Warm up your table with a vibrant bowl of Green Chili with Pork, a dish that strikes the perfect balance between rich flavors and comforting textures. This gluten-free recipe is not only quick to prepare—ready in just 30 minutes—but also serves as a delightful main course ideal for lunch or dinner. With its tantalizing combination of ground pork and spicy fresh jalapeño chiles, it's sure to satisfy even the most discerning palates.

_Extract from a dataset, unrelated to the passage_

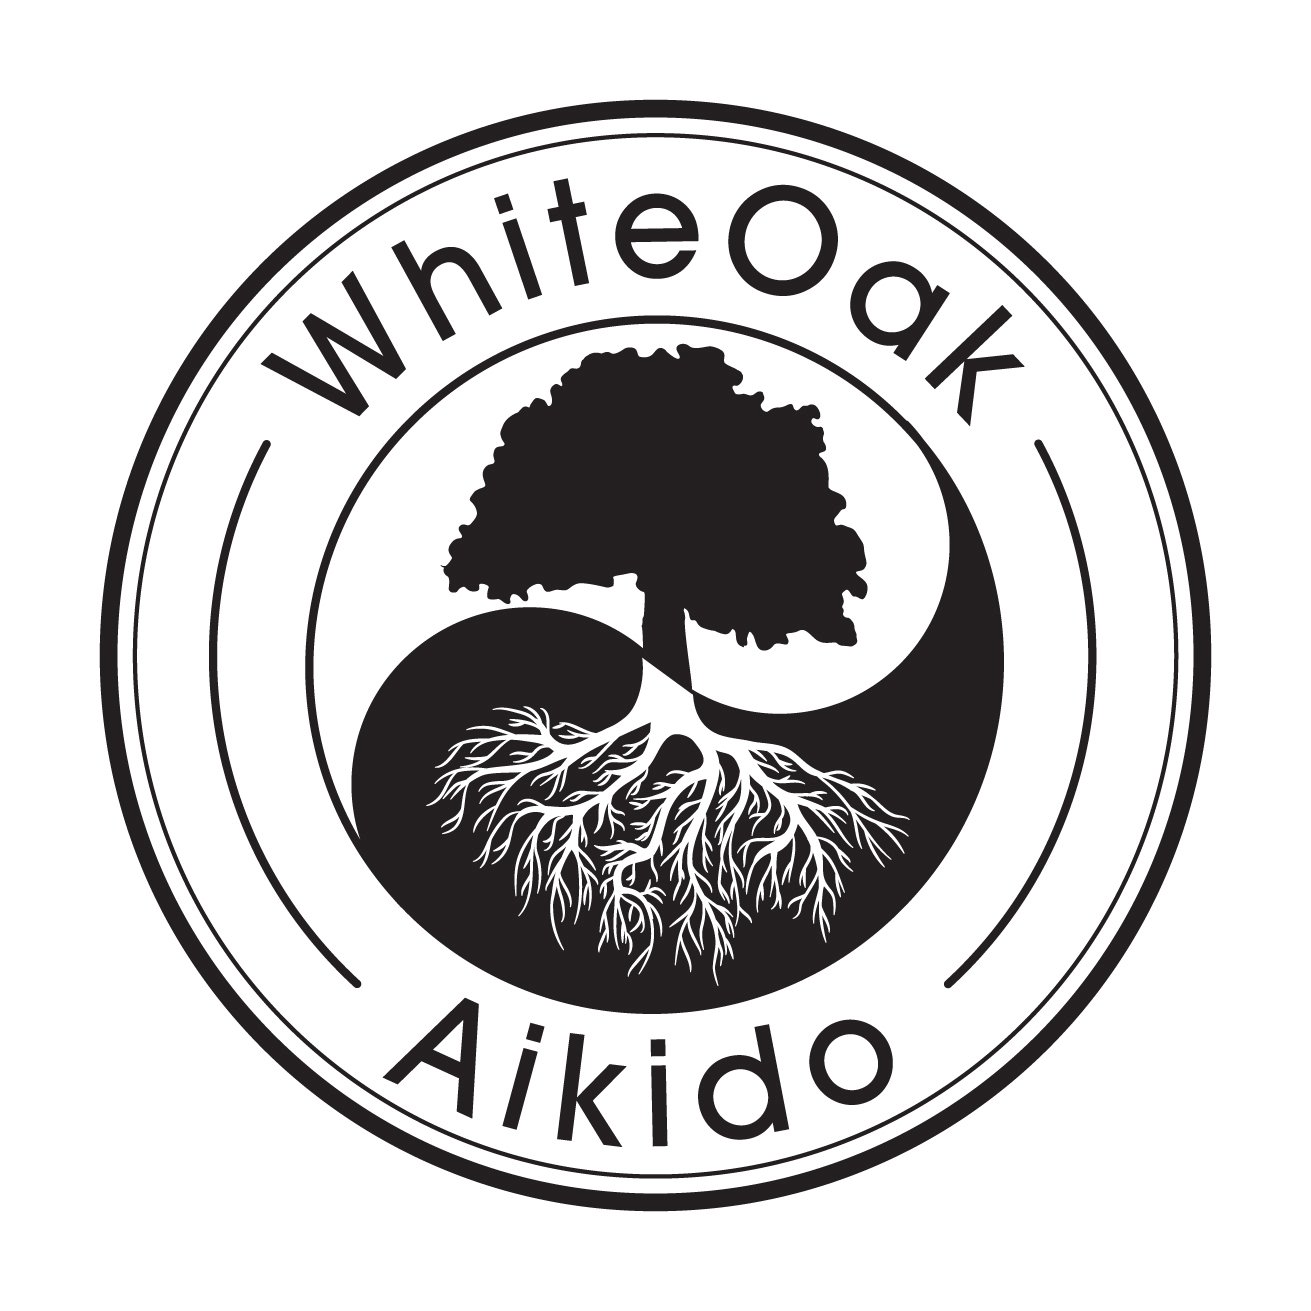 Aikido: White Oak Aikido Reading logo

Imagine the aromatic meld of sautéed onions and garlic, complemented by the earthiness of ground cumin and the bright freshness of cilantro, all brewed together in a savory chicken broth. The addition of white hominy gives this chili a unique twist, introducing a delightful chew that pairs splendidly with the tender pork. The final touch? A sprinkle of toasted pumpkin seeds and crumbled queso fresco, adding the perfect crunch and creaminess to each spoonful.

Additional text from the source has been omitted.